The Life we Live in Others
A man should spend his life or, rather, does spend his life in being born. His life is his birth throes. But most men miscarry and never come to the true birth at all and some live but a very short time in a very little world and none are eternal. Still, the life we live beyond the grave is our truest life, and our happiest, for we pass it in the profoundest sleep as though we were children in our cradles. If we are wronged it hurts us not; if we wrong others, we do not suffer for it; and when we die, as even the Handels and Bellinis and Shakespeares sooner or later do, we die easily, know neither fear nor pain and live anew in the lives of those who have been begotten of our work and who have for the time come up in our room.
An immortal like Shakespeare knows nothing of his own immortality about which we are so keenly conscious. As he knows nothing of it when it is in its highest vitality, centuries, it may be, after his apparent death, so it is best and happiest if during his bodily life he should think little or nothing about it and perhaps hardly suspect that he will live after his death at all.

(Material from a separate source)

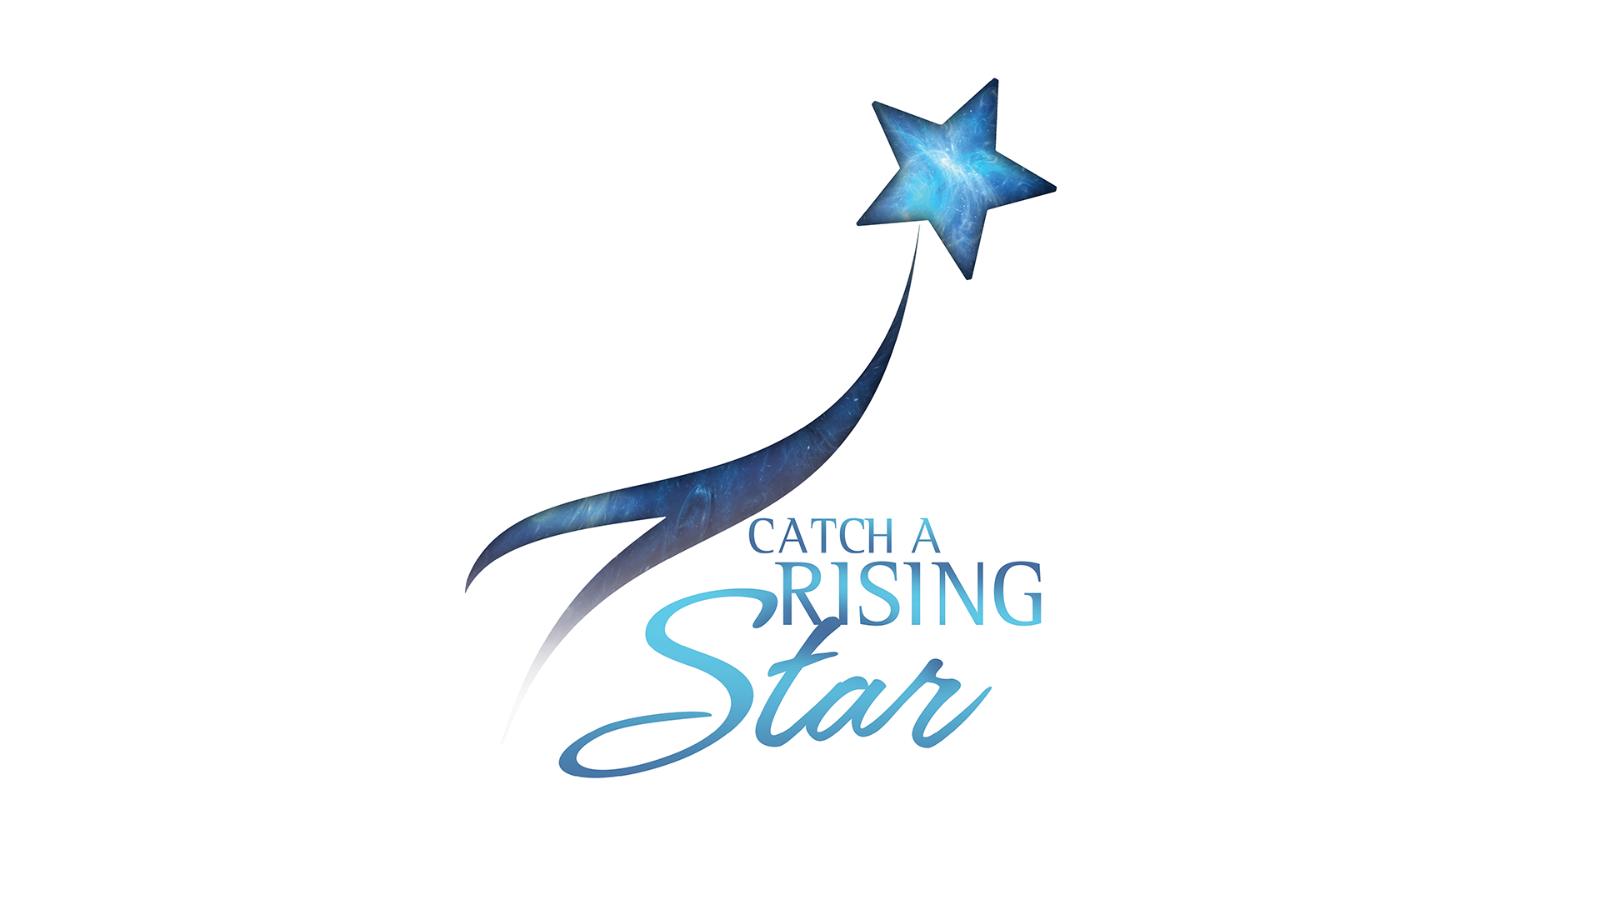 Catch a Rising Star

And yet I do not know—I could not keep myself going at all if I did not believe that I was likely to inherit a good average three-score years and ten of immortality. There are very few workers who are not sustained by this belief, or at least hope, but it may well be doubted whether this is not a sign that they are not going to be immortal—and I am content (or try to be) to fare as my neighbours.
The World Made to Enjoy
When we grumble about the vanity of all human things, inasmuch as even the noblest works are not eternal but must become sooner or later as though they had never been, we should remember that the world, so far as we can see, was made to enjoy rather than to last. Come-and-go pervades everything of which we have knowledge, and though great things go more slowly, they are built up of small ones and must fare as that which makes them.
Are we to have our enjoyment of Handel and Shakespeare weakened because a day will come when there will be no more of either Handel or Shakespeare nor yet of ears to hear them? Is it not enough that they should stir such countless multitudes so profoundly and kindle such intense and affectionate admiration for so many ages as they have done and probably will continue to do? The life of a great thing may be so long as practically to come to immortality even now, but that is not the point. The point is that if anything was aimed at at all when things began to shape or to be shaped, it seems to have been a short life and a merry one, with an extension of time in certain favoured cases, rather than a permanency even of the very best and noblest. And, when one comes to think of it, death and birth are so closely correlated that one could not destroy either without destroying the other at the same time. It is extinction that makes creation possible.
If, however, any work is to have long life it is not enough that it should be good of its kind. Many ephemeral things are perfect in their way. It must be of a durable kind as well.
Living in Others
We had better live in others as much as we can if only because we thus live more in the race, which God really does seem to care about a good deal, and less in the individual, to whom, so far as I can see, he is indifferent. After we are dead it matters not to the life we have led in ourselves what people may say of us, but it matters much to the life we lead in others and this should be our true life.